* **Activity**
Output the full listing below exactly, without the pictures.

* **Dataset extract**
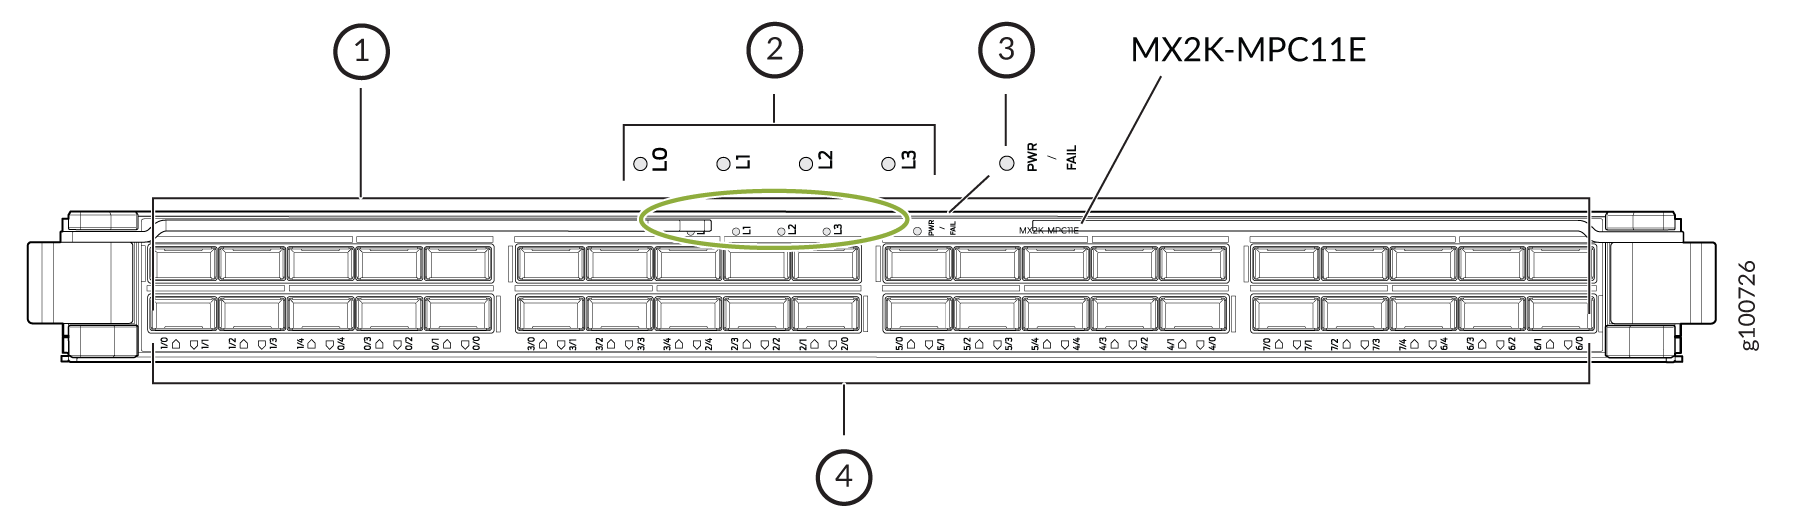 MX2K-MPC11E Modular Port Concentrator
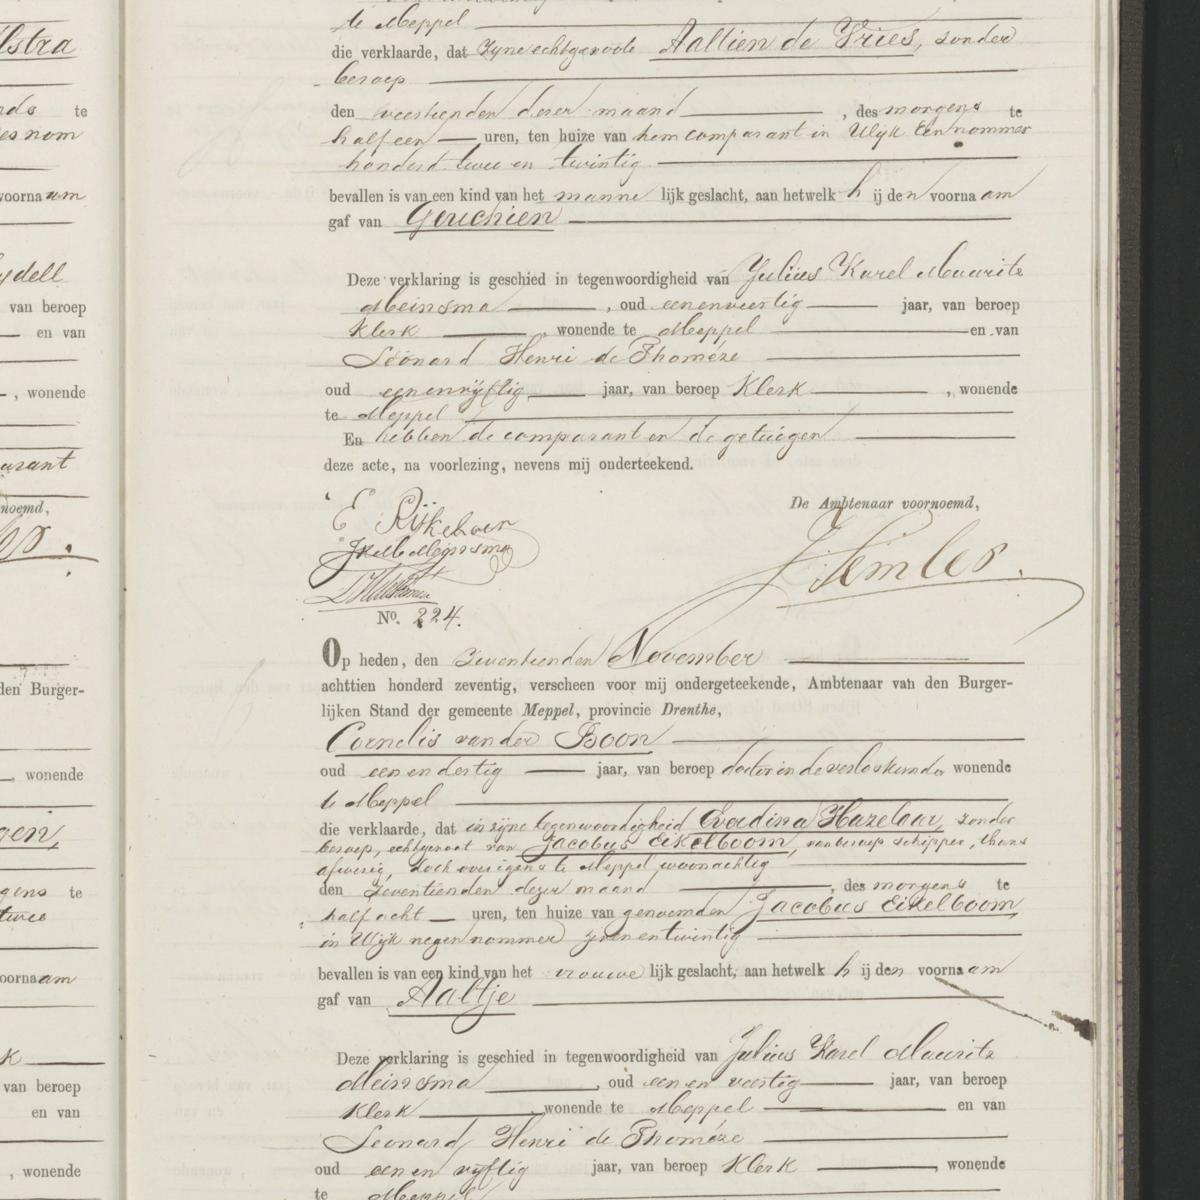 Civil registry of births, Meppel, November 17, 1870, records 223-224
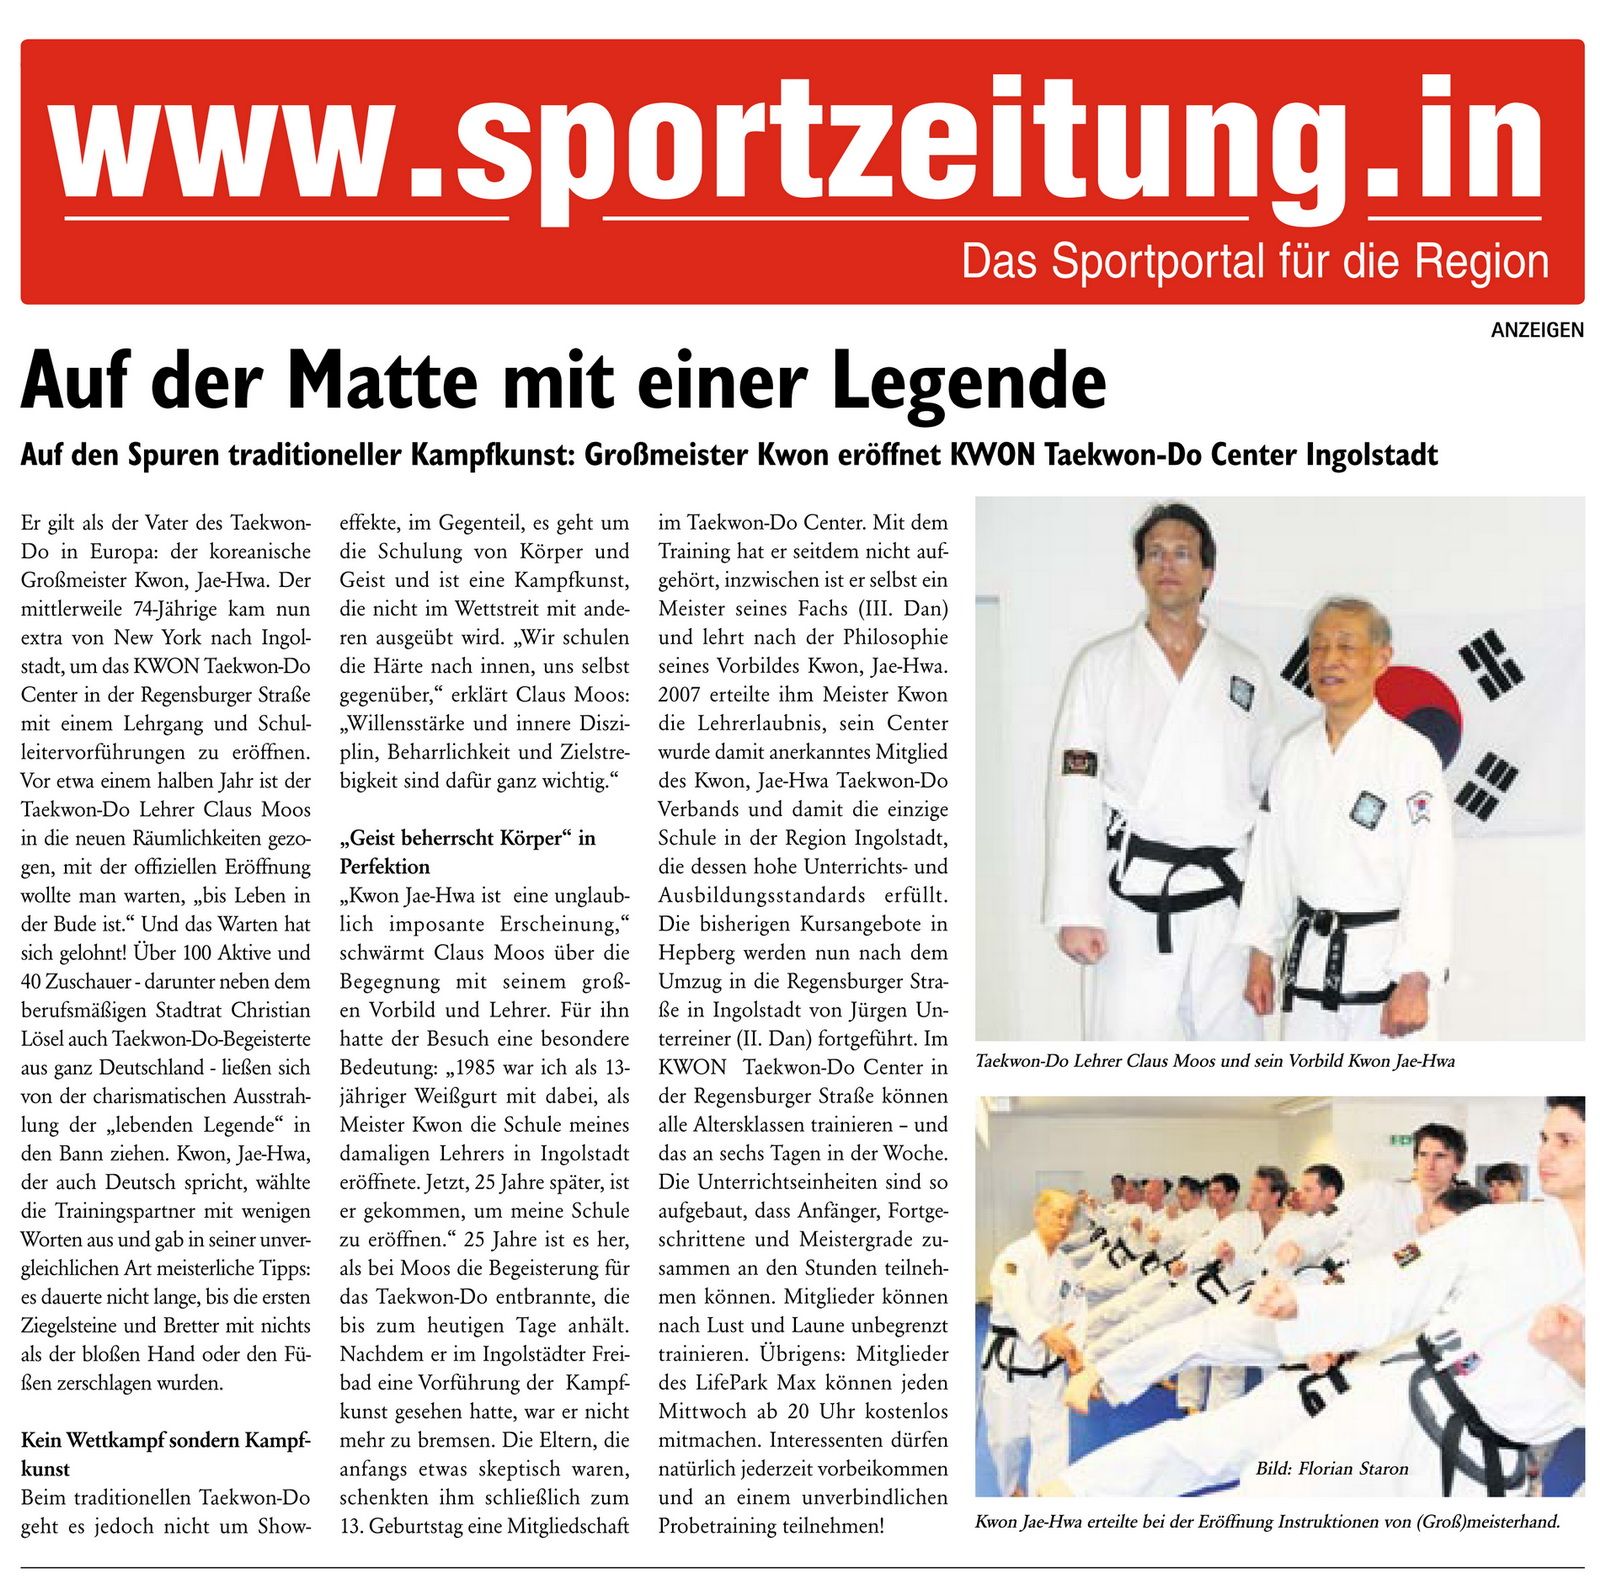 Blickpunkt Wochenende (Sportzeitung IN), 12. März 2011

* **Reply to the task**
 MX2K-MPC11E Modular Port Concentrator
 Civil registry of births, Meppel, November 17, 1870, records 223-224
 Blickpunkt Wochenende (Sportzeitung IN), 12. März 2011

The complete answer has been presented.